§ **Problem to work on**:
Please write out exactly the line containing "33.5 in. overall" below and every line after it, through the last one, but leave out any pictures.

§ **Dataset extract**:
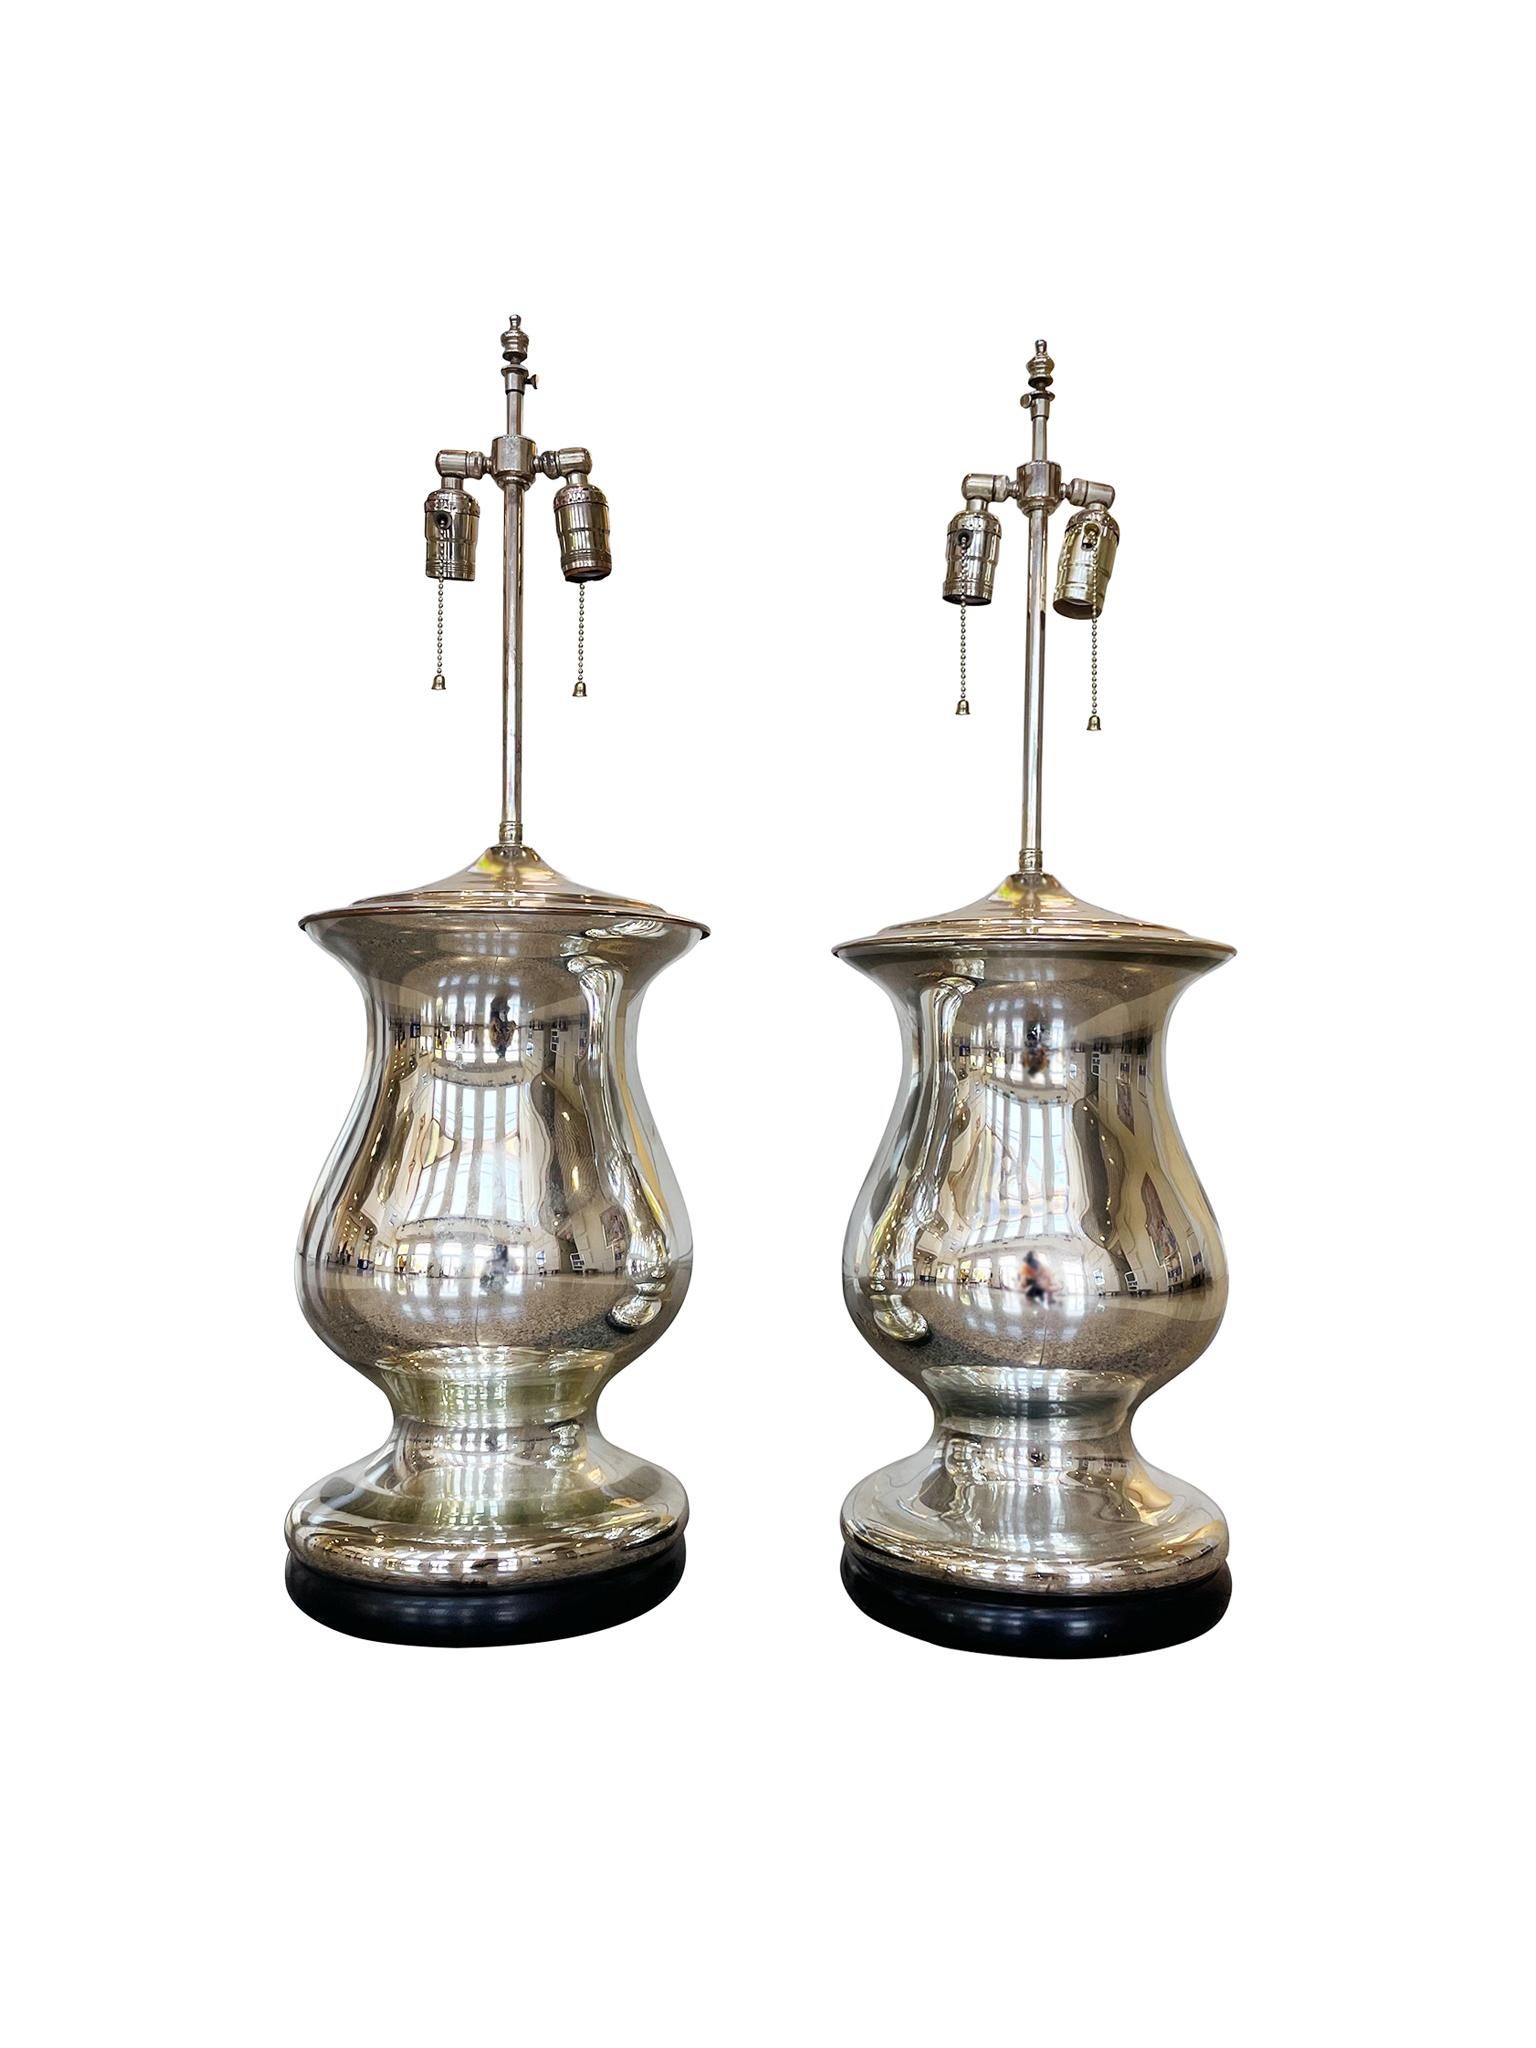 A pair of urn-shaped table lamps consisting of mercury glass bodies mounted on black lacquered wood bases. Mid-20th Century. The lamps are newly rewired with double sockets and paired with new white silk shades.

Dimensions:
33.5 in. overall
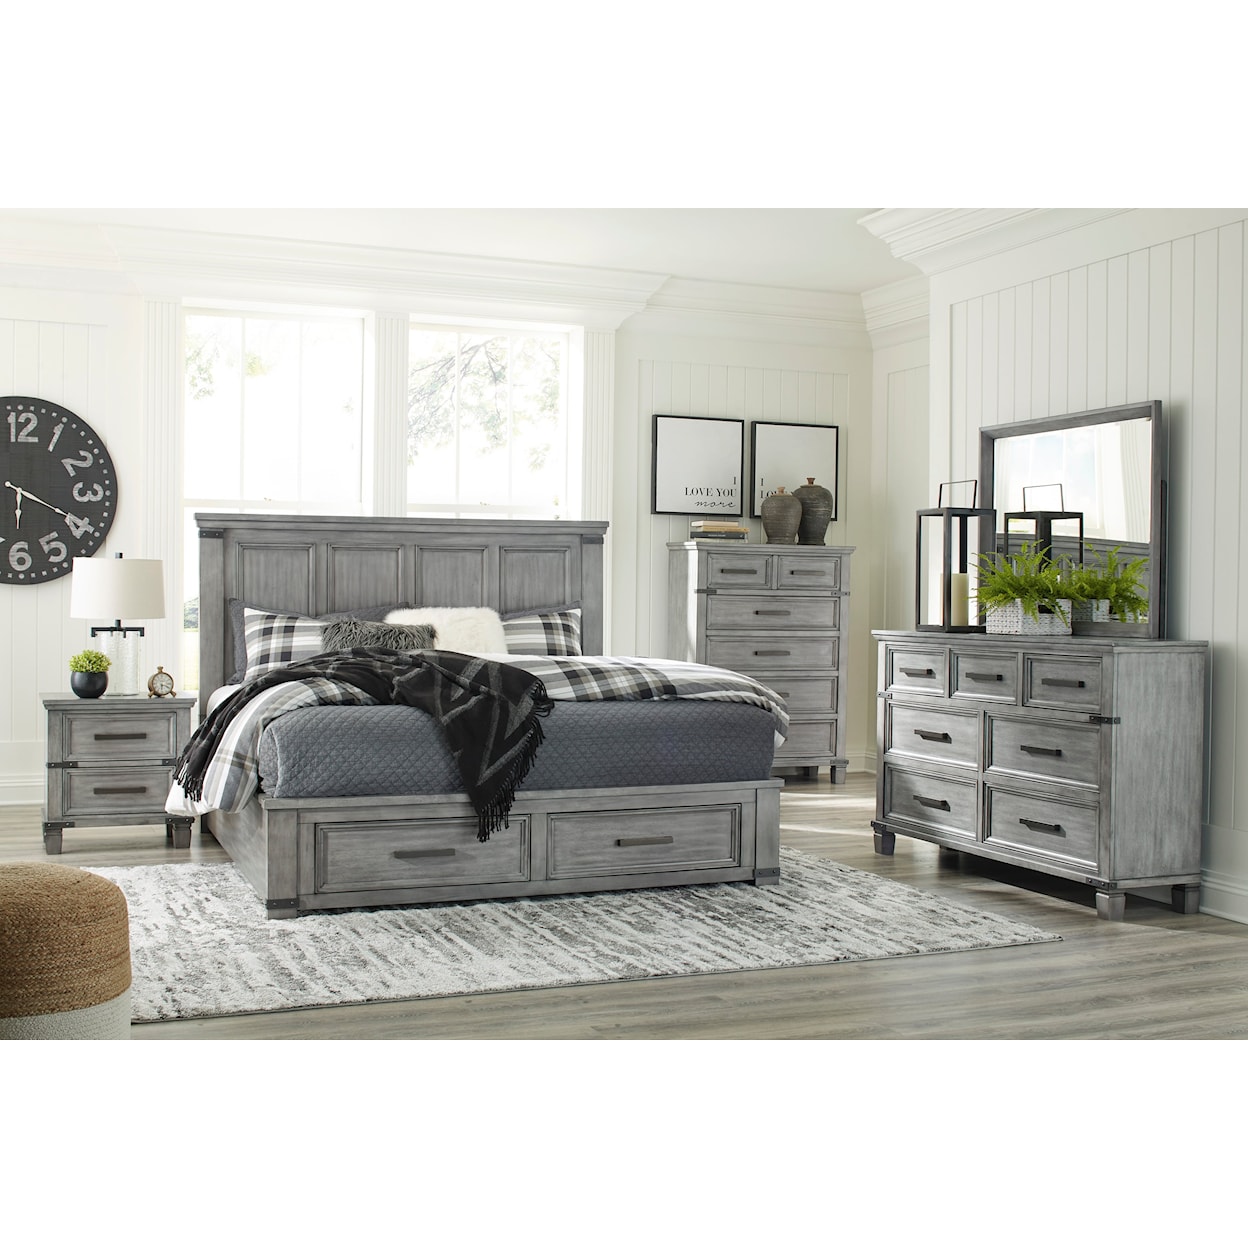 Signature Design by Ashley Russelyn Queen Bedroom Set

§ **Exercise output**:
33.5 in. overall
 Signature Design by Ashley Russelyn Queen Bedroom Set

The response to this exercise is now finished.